COETAIL has been a lot of work, a lot of coffee, a lot of reading, a lot of thinking, a lot of collaboration, a lot of learning, a lot of growing. As my students are diligently working to complete their summative tasks for our unit, and I am very excited to see how their work plays out, I thought it a good time to reflect and think about some of the ways COETAIL has resulted in tangible changes in my day-to-day teaching. Below is a collection of those thoughts on how I have
An appreciation of paper
One of the strange ways that COETAIL 13 has changed my thinking is more of an appreciation for paper based activities. There are so many valuable tools that could be leveraged with technology, but if I am simply taking an activity online, I am now more open to paper based activities. If it is a close reading activity, where students are working together, having a nice A3 print out and some highlighters is always great. Now, I may take time to add in a Flipgrid reflection to help them to connect with their peers to help leverage technology. Thinking of the SAMR model, if I am not planning on modifying or redefining the activity, I do not want to use technology just for technology sake. Students spend lots of time on their devices, I am now more careful with ensuring each activity is worth the screen time.
Pushing my Pedagogy
I started COETAIL shortly after finishing my M. Ed. and was excited but also a bit hesitant as most of my education had come from completing degrees. Yet, the volume of ideas, practice, assignments, projects, and overall engagement from the program really helped push my practice forward. Further, it allowed me to be more open to other forms of PD. Last year I completed the TEMC course on Teaching English in Multicultural Classrooms to learn more about linguistic strategies and am now in training to be a tutor and deliver the course to my peers next year. I also am part of my school’s Data Team and worked with Matthew Savage of the Mona Lisa Effect to better understand how to use data to improve student wellbeing, and by extension achievement.
The value I got from COETAIL has helped reinforced the need for teachers to keep growing and learning.

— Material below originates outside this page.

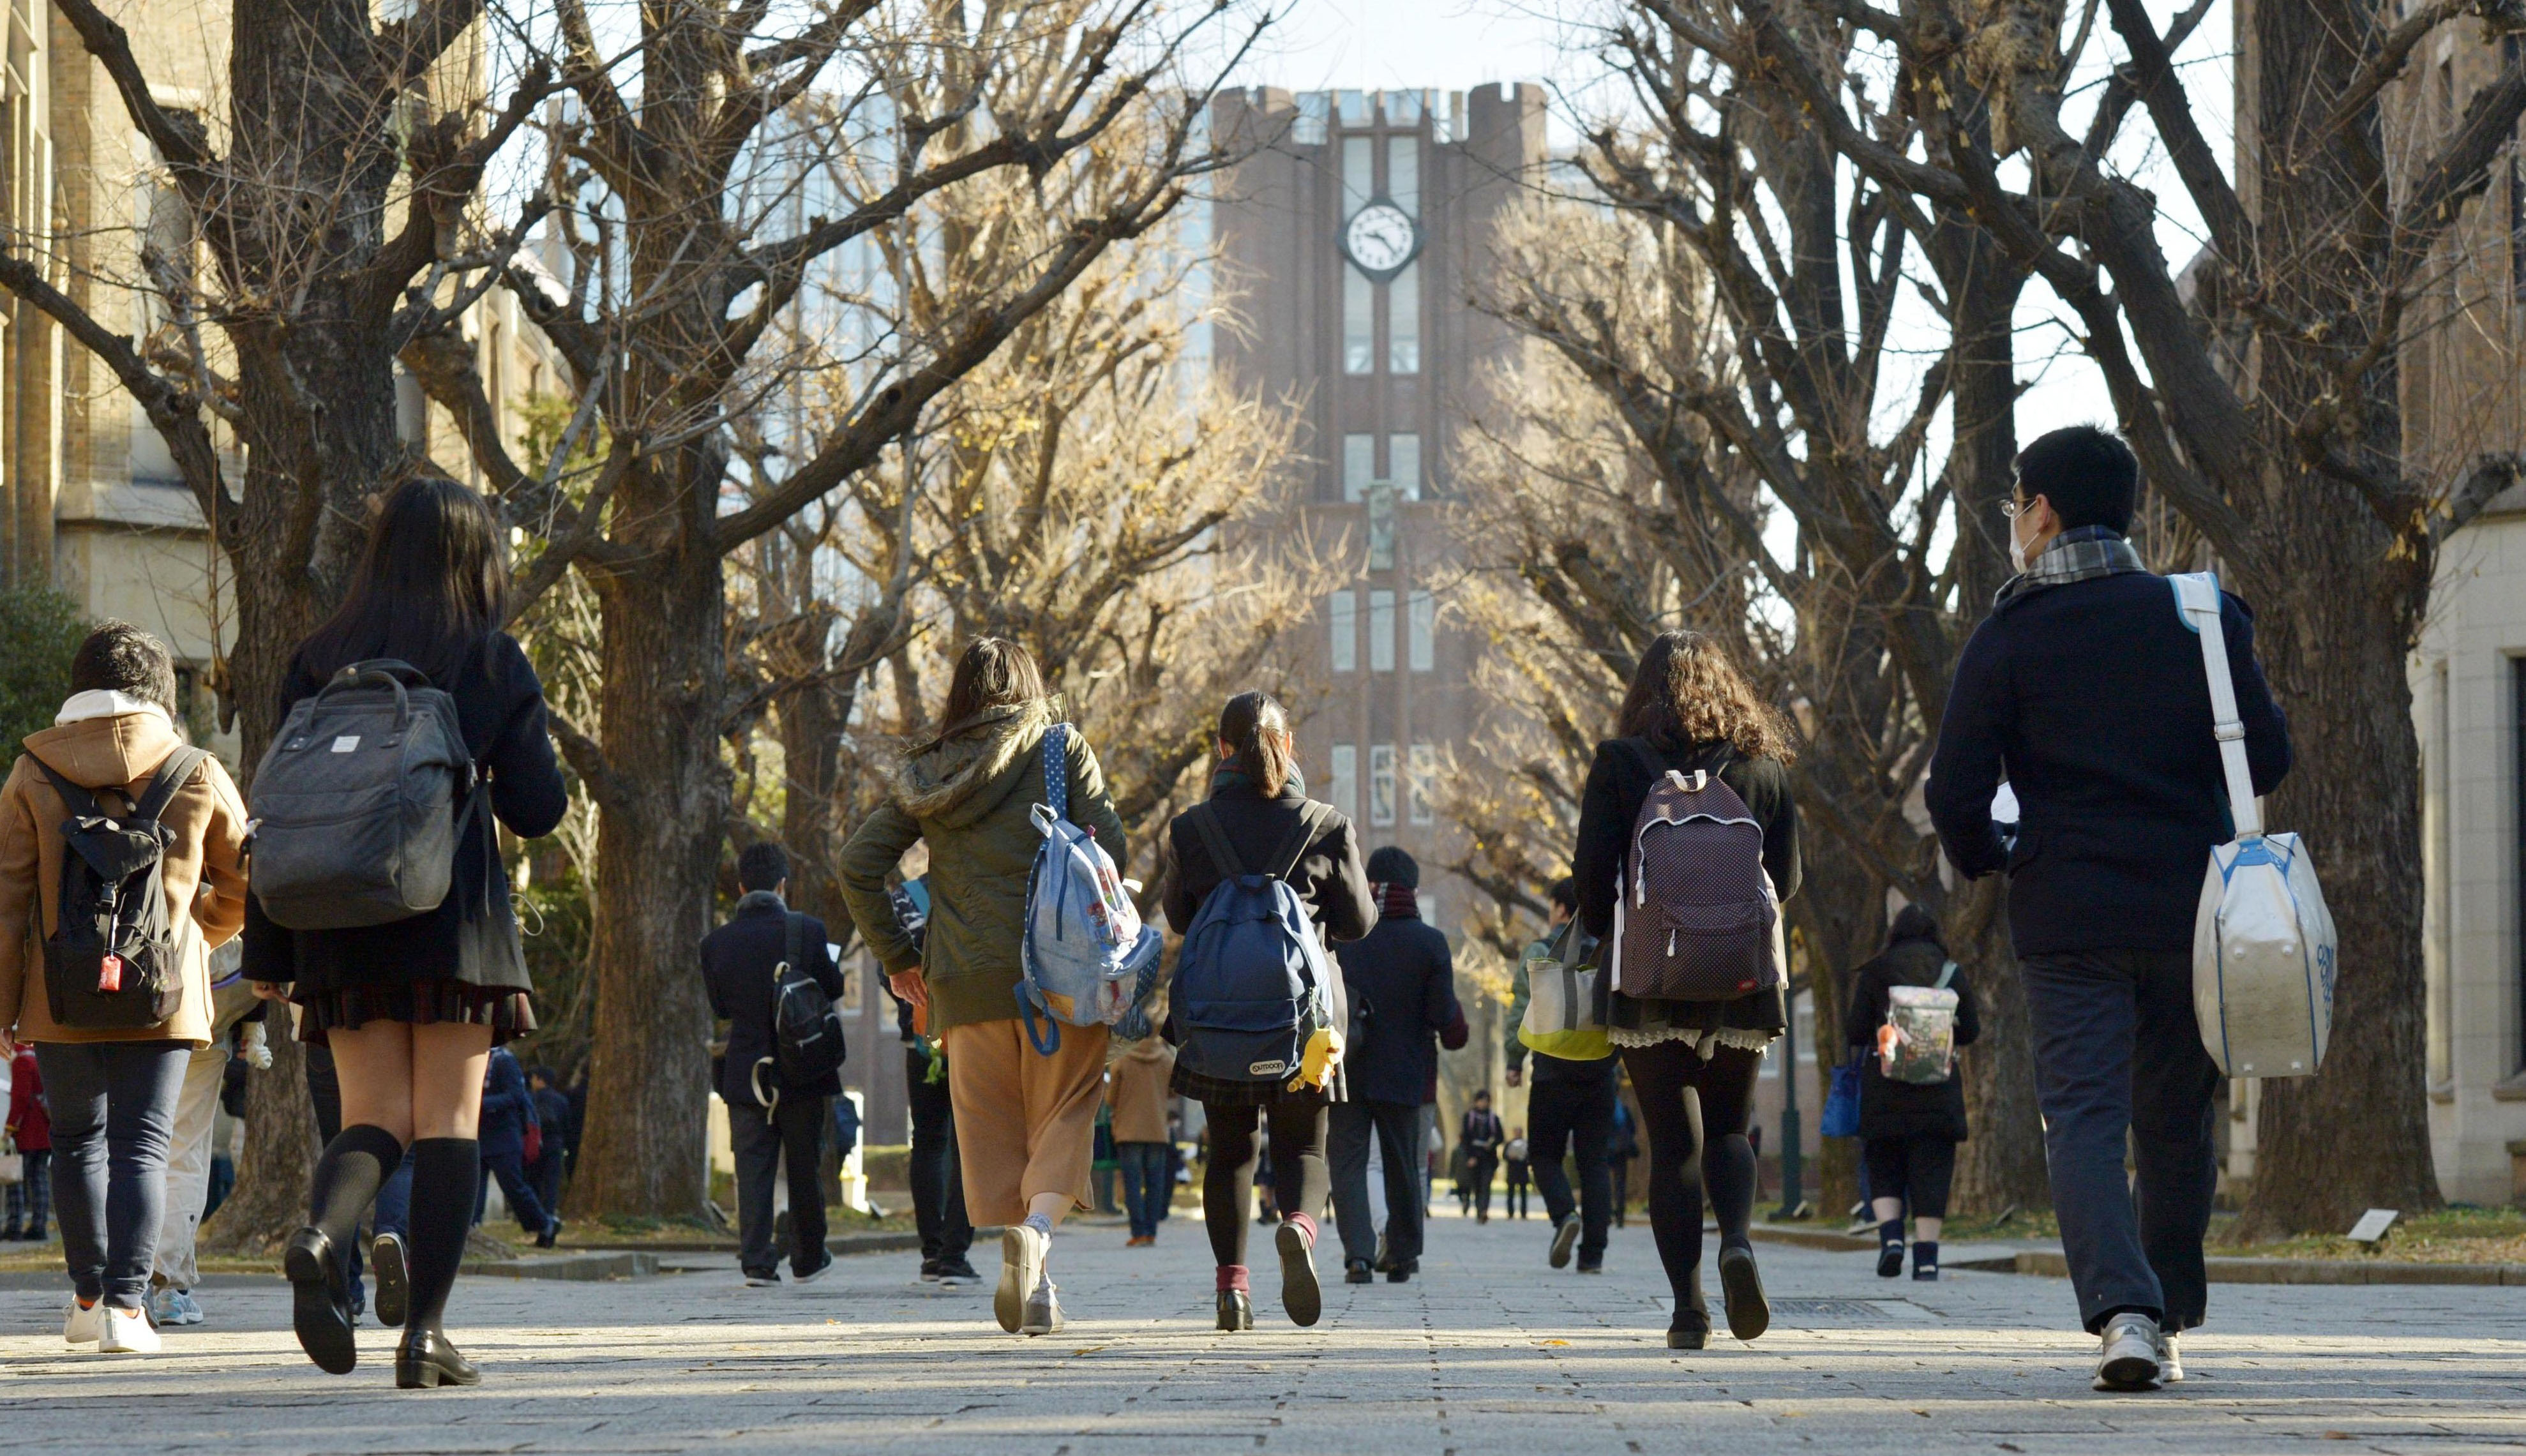 منح الحكومة اليابانية لدراسة الفروع التقنية في اليابان 2018 لطلاب المرحلة الجامعية الأولى

Ways I have started to leverage technology to ensure greater critical thinking, collaboration, creativity, communication, character, and citizenship
- Allowing more student agency in choosing topics- I have outlined how I have been doing this for my COETAIL Course 5 final project here. Already, the feedback from my students have been extremely positive and watching them work to create different products has me thinking of how to keep this going in future assessments
- Creating places for students to share their work– Many times students have outlined that they feel their work gets lost once the reporting period is done. Early on in COETAIL I considered myself a lurker, in that I would be more likely to take information from online communities without contributing. My grade 7 class recently created a series of Black Death diaries to recreate what life was like during 1349 in Europe. To help push myself away from a lurker, and to give the students some agency, I am putting together a website to share their work. Part of this is for me to use it next year with students as a unit intro, and part is to share the idea with other teachers who want to use it as a way to investigate the Black Death. Further, at the end of my Grade 6 class project on ancient civilization, I will be sharing that online and putting together a website to share their work. Even if their work is only shown to future students I teach, being able to see models of work will help me re-evaluate the effectiveness of my teaching and will help students to understand what is expected of them.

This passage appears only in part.